I have a deep love for all of nature.
My Father and Mother gave me a very deep compassion for animals. Through the years I expanded that love to include all of nature.
My Father’s family gave me the experience of the log cabin in Salem, Maine. When I say log cabin I mean hand-hewn logs notched and fitted on-site, with oakum chinked into the joints and covered with quarter round. It was used mostly (but not solely) as a hunting camp. So, the many years of woodsmanship and hunting came from my Father's side. In my early years I spent more time than anybody I knew slogging through the often-wet Maine woods chasing White-tailed deer. "Slogging" is apt because I was more-often-than-not soaked to the skin while chasing those deer all day long in steady rain or wet snow. This all happened well before GORE-TEX technology appeared. So when I say soaked, I literally mean that oftentimes 100% soaked clothing contacted every square inch of skin. But the woods were so interesting that all I had to do was keep moving. If I stopped, hypothermia would set in. But those days are long gone. Now I love New Mexico. That is becoming another story, maybe a book.
My BS degree in Wildlife Management was earned at the University of Maine at Orono. By that time I already had about 10 years in the Maine woods. As a Wildlife Biologist I have supported (and still do) a hunting heritage for all sportsmanlike hunters.....not the ones who enjoy killing for the sake of killing (they are out there alright) or who hunt for the sake of a trophy. Personally I do not enjoy killing things. Love the stalk and the peacefulness of the woods. But the experience of killing an animal during the hunt was traumatic enough to me that I stopped hunting. It's that simple, and I don't regret it a bit. Oh, if you are wondering about my intake of slaughtered, commercially processed animals, yes, it is very limited and has been for decades.
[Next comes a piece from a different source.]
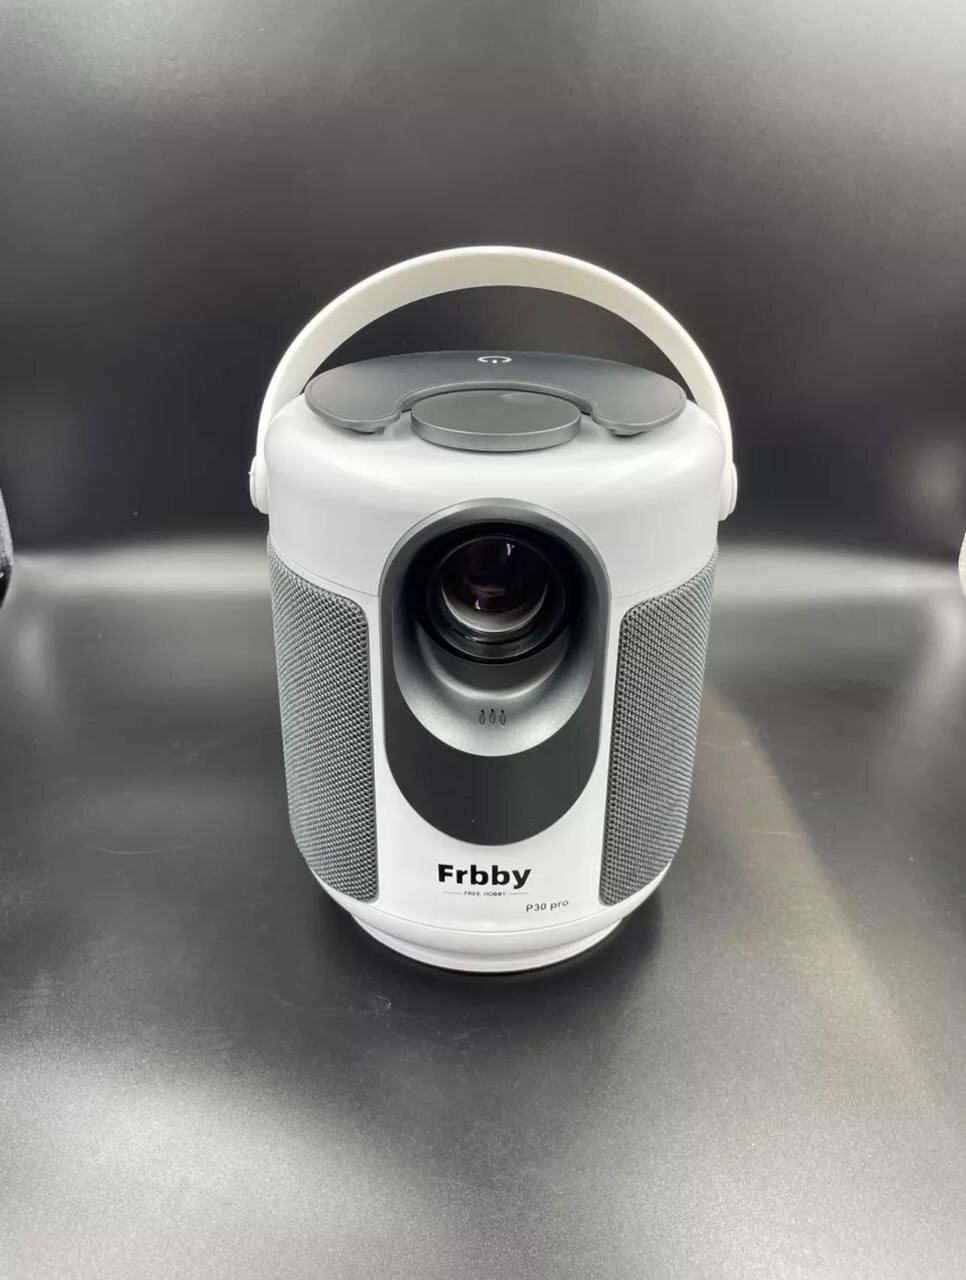 Проектор Frbby P30 Pro/Frbby P30 Pro Projector" - компактный и удобный проектор для дома и путешествий

So as it turned out, when Ma and Dad married I would gradually become imprinted with a legacy that will prove to be my strongest interest for the rest of my life. I cannot express how grateful I am for this and pity those millions of kids who never get that chance.
In the 70's I worked as a seasonal Wildlife Technician in northern Maine and in 1974 I bought my first camera (a Minolta SRT 101) and recorded my first image of nature. For the last 29 years I have shot with Nikon, but Canon is just as good. Each system has its pros and cons. I've been a stock photographer with Gamma Liaison International (formerly Getty Images). Agents and sub-agents around the world have purchased "One-Time North American Rights" to the images of nature I have archived since that beginning in 74. As the photographic years passed I found myself enjoying photography for photography, not only recording experiences and sights in nature. Because I love animals I enjoy photographing domestic animals too and recently, people's faces. I have begun to notice some real characters in people's faces.
At one time or another, I have been on almost every square mile of North Maine Woods, with the exception of areas around Jackman. Although I tried with all my heart I was not to become a Wildlife Biologist for Maine's Department of Inland Fish and Wildlife. I blame it on internal politics and competing with advanced degrees. You cannot build a solid, diverse knowledge of nature while you are inside writing for refereed journals and competing with your peers for professional publication. But years later I would spend a lot of time at Travis Caruso’s camp in Chesuncook Village, bringing back those memories of the northern Maine woods.
Eventually I landed a wildlife job in Florida. I spent over 10 years working with Southeastern wildlife in Florida and Georgia (almost exclusively in the field). It was here that I met the people I worked with and built memories with in the wildlife field: Tom Brooks, Mike Brown, Lance McClellan, Mark Robson and Jim Rogers PhD..
While living on the JW Corbett Wildlife Management area I enjoyed a lot of nature photography. My daughter Carie has enjoyed time working "firsthand" with the wildlife I photographed. She could not have gotten that in a classroom and the imprinting lasts a lifetime.
My book on the American alligator is close to appearing as an e-book (I believe). It is done and it is packed with the fascination that is nature.